• [Your instructions]:
Using the records below, copy exactly the part that opens with the line holding "A female teacher" and closes with the line holding "Oferta Crucemundo Danubio", minus the pictures.

• [Data supplied]:
_ _ _ _ _ _ _

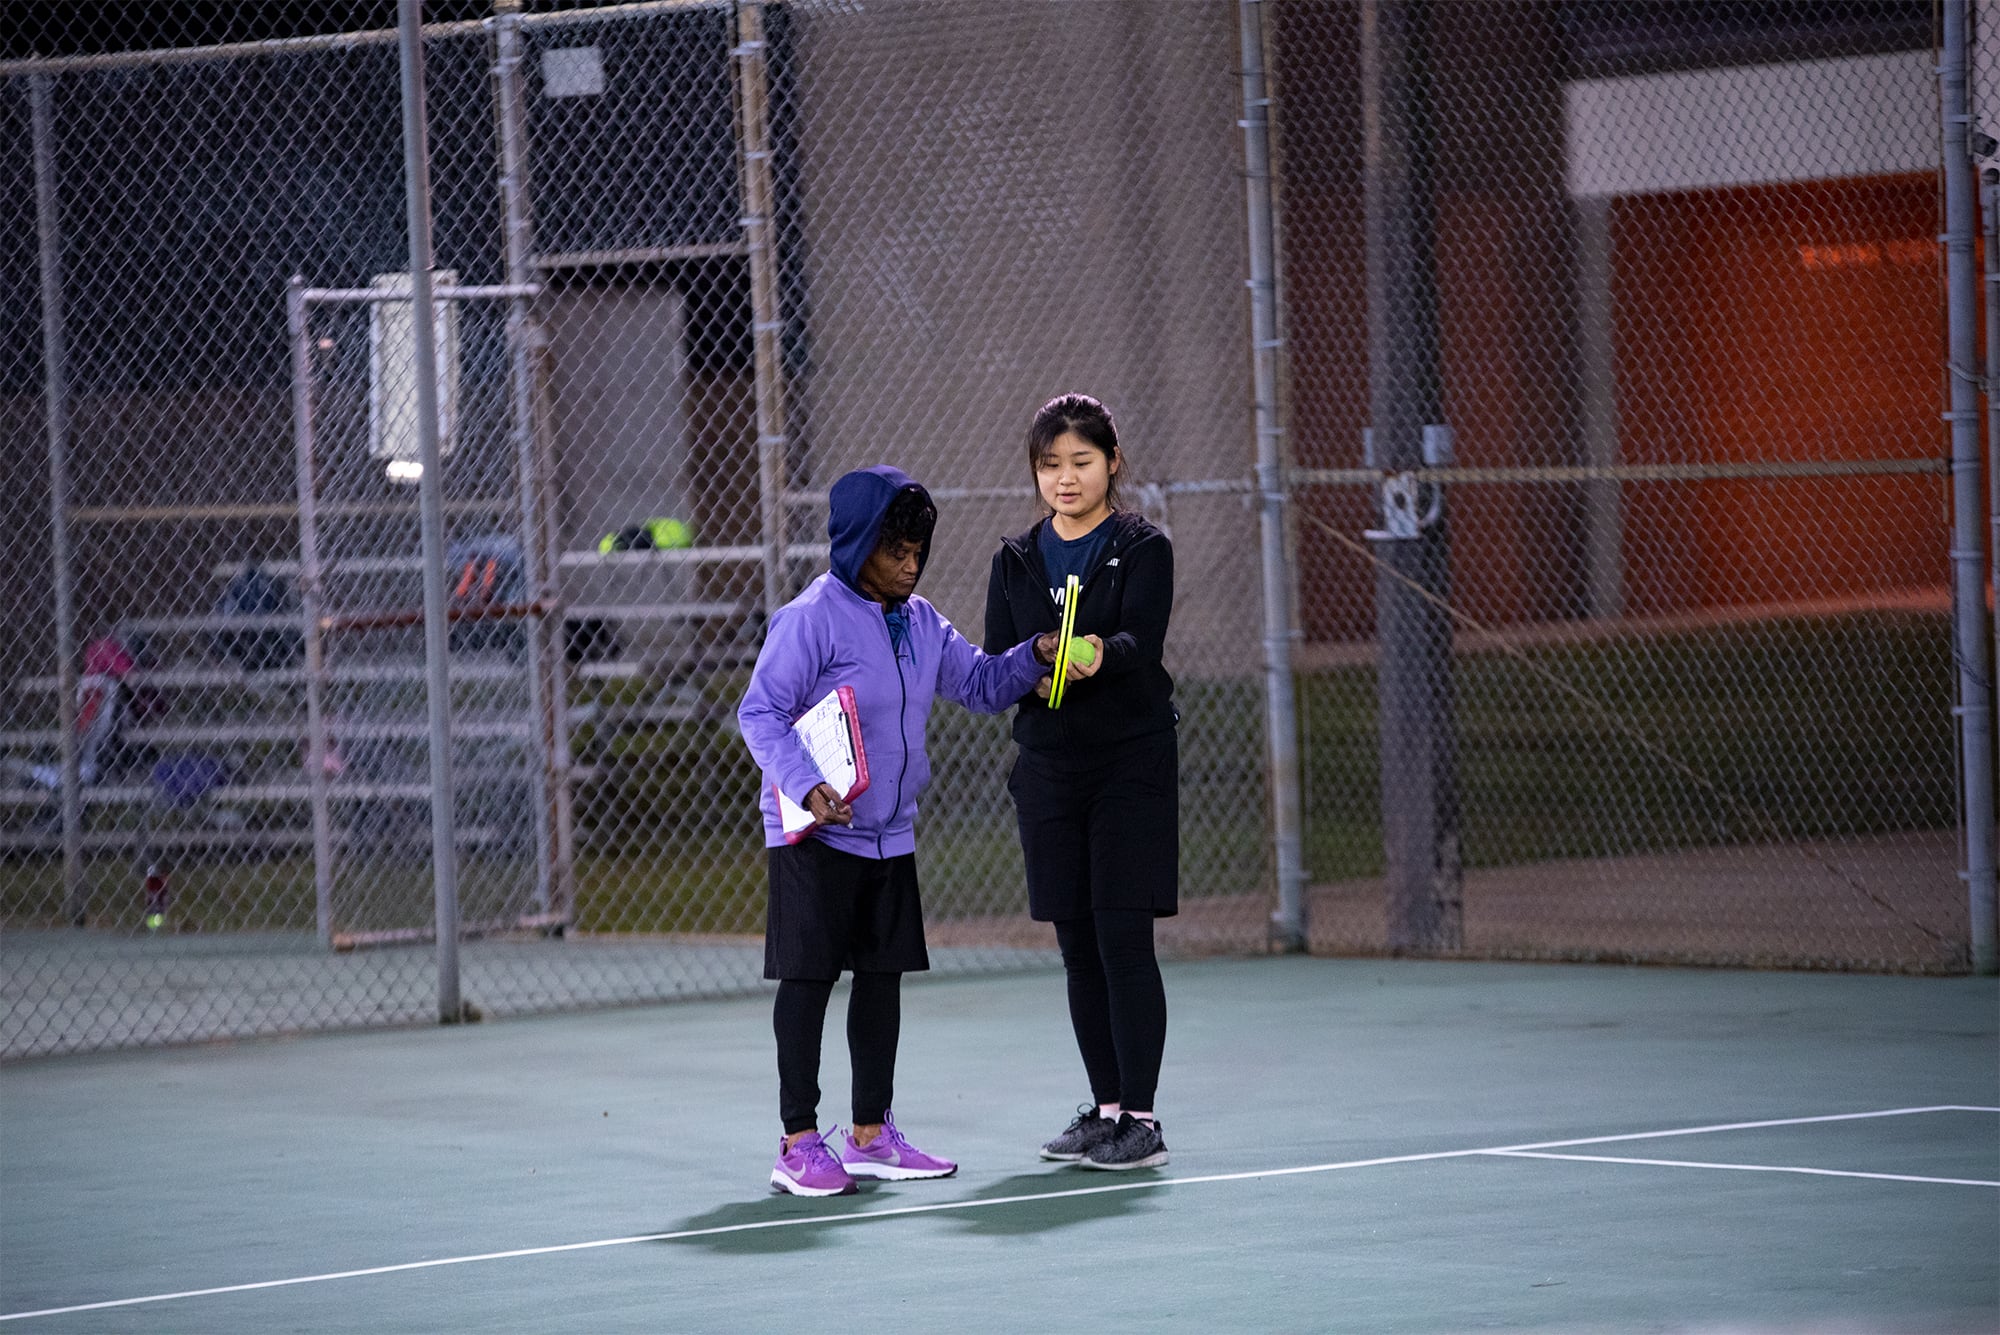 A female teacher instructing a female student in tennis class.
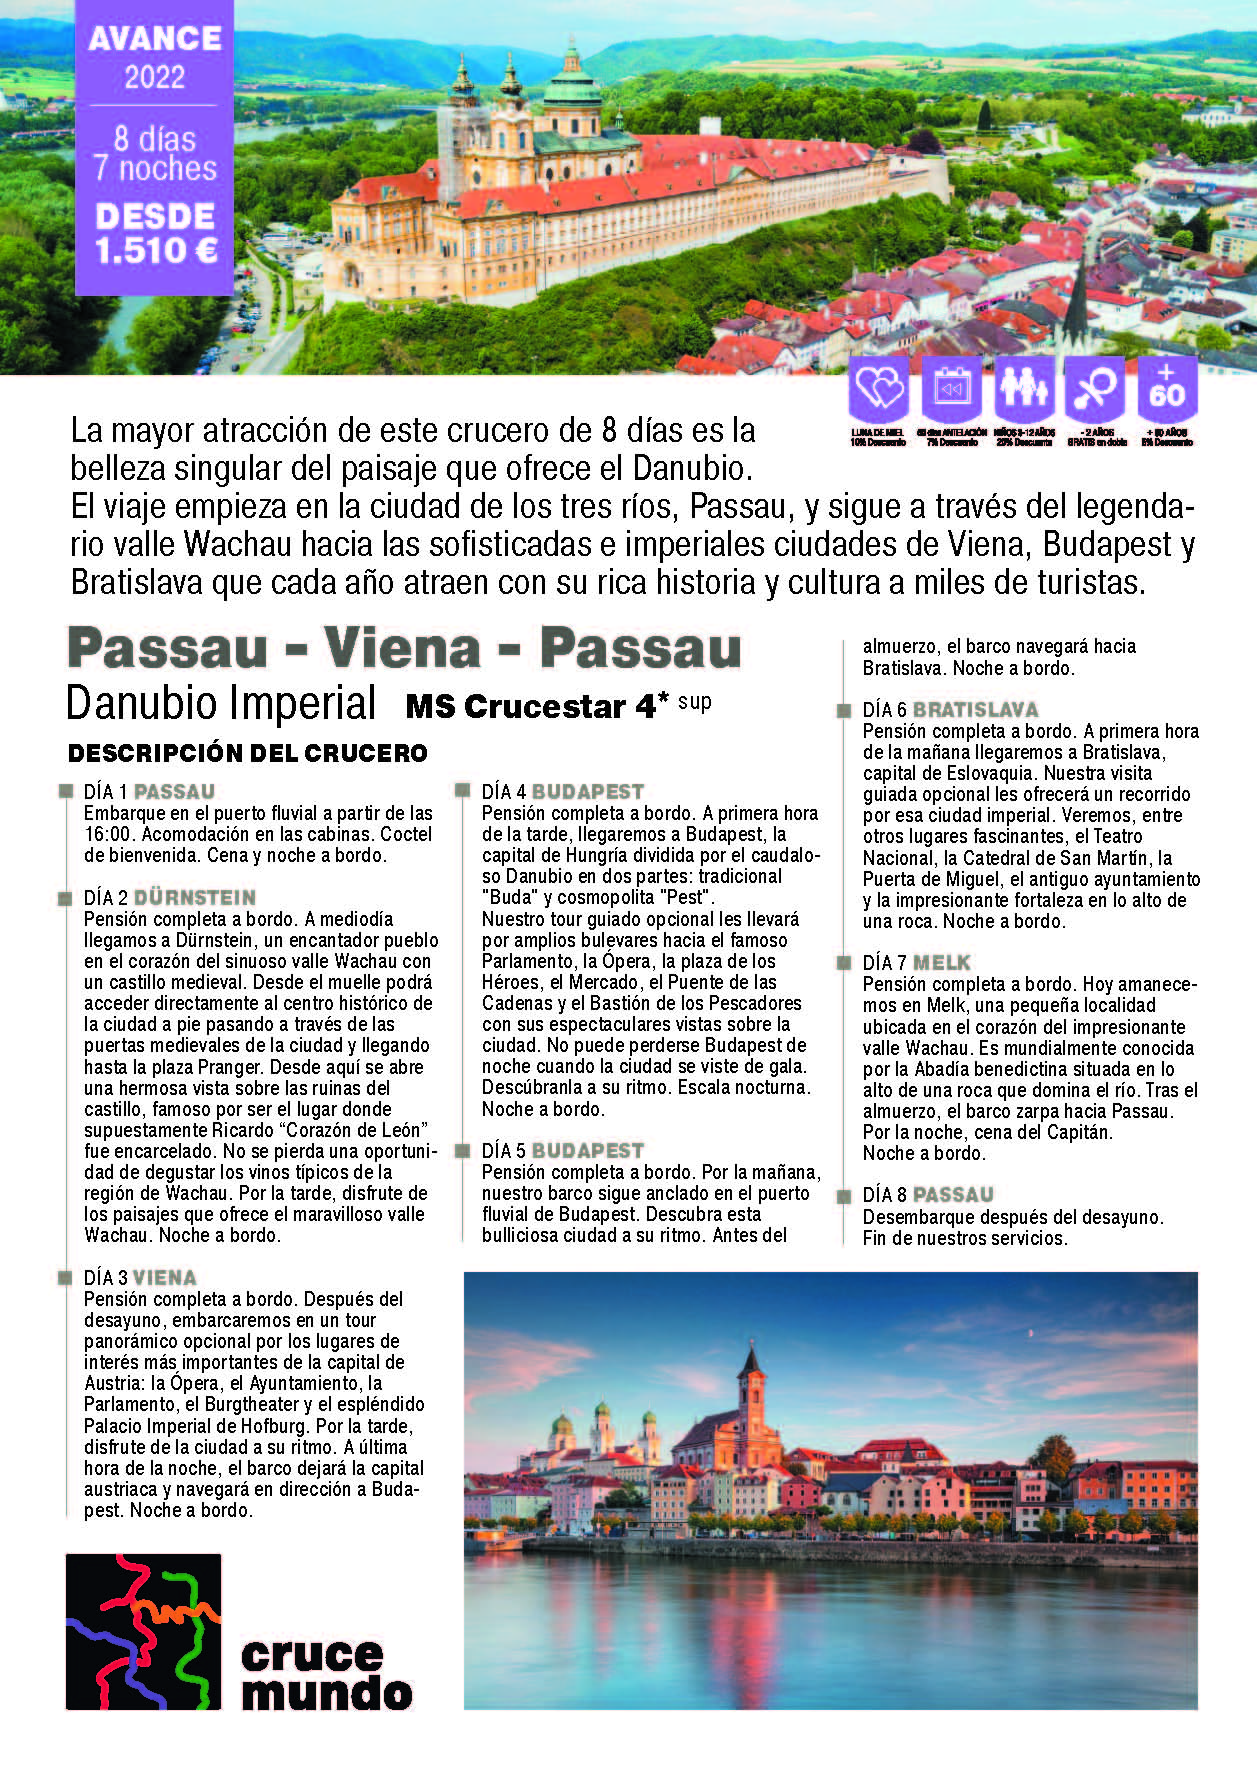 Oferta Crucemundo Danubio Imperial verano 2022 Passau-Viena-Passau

_ _ _ _ _ _ _

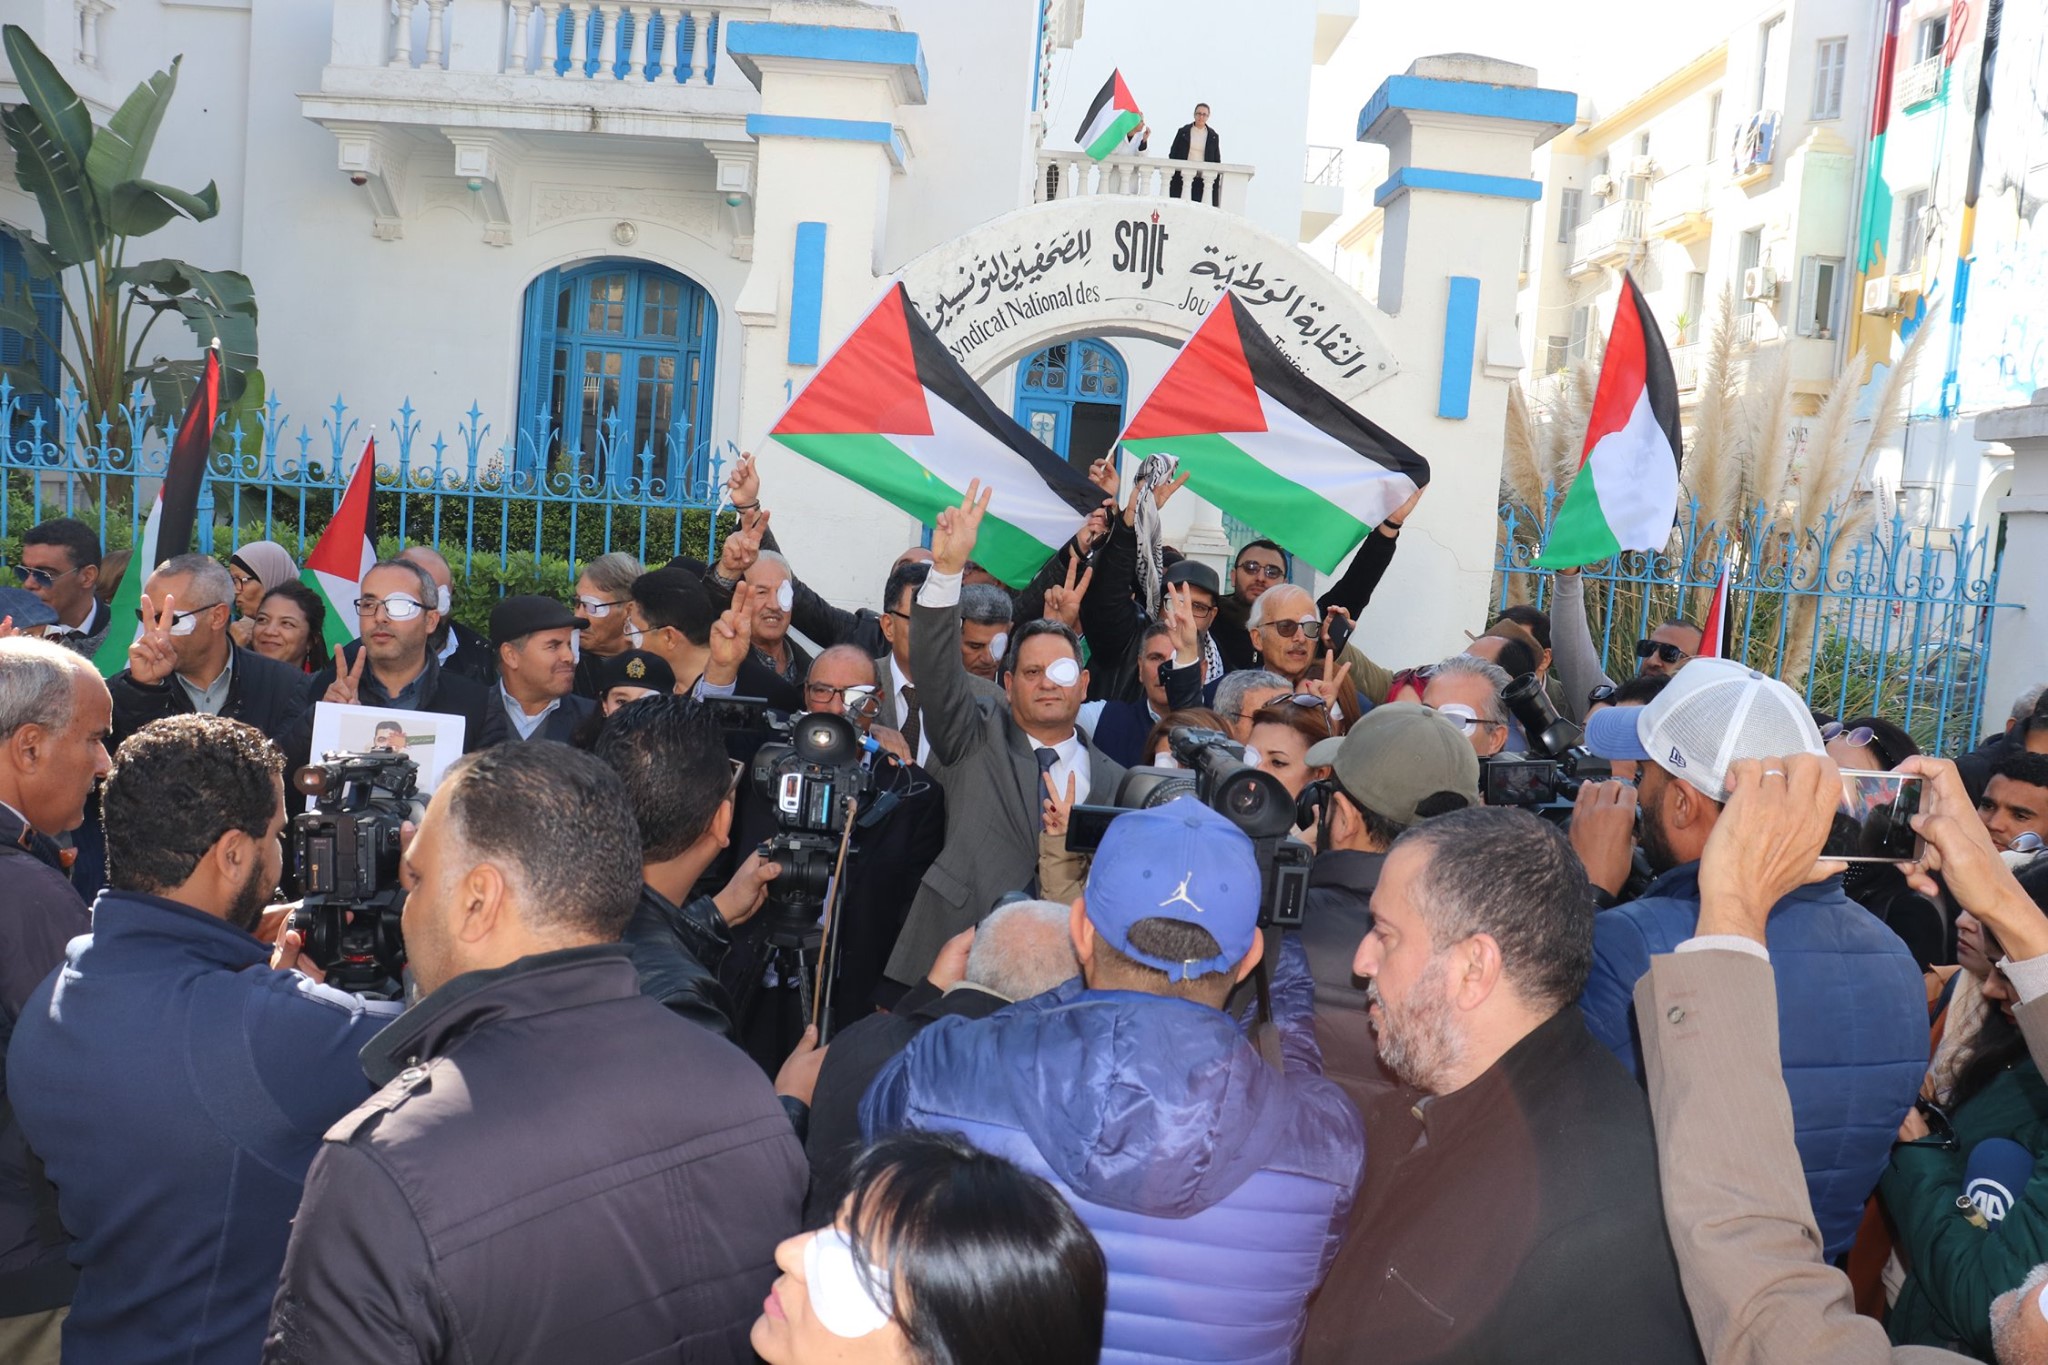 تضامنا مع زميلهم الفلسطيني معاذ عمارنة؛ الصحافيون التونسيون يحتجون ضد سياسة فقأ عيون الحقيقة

_ _ _ _ _ _ _

• [Solution]:
 A female teacher instructing a female student in tennis class.
 Oferta Crucemundo Danubio Imperial verano 2022 Passau-Viena-Passau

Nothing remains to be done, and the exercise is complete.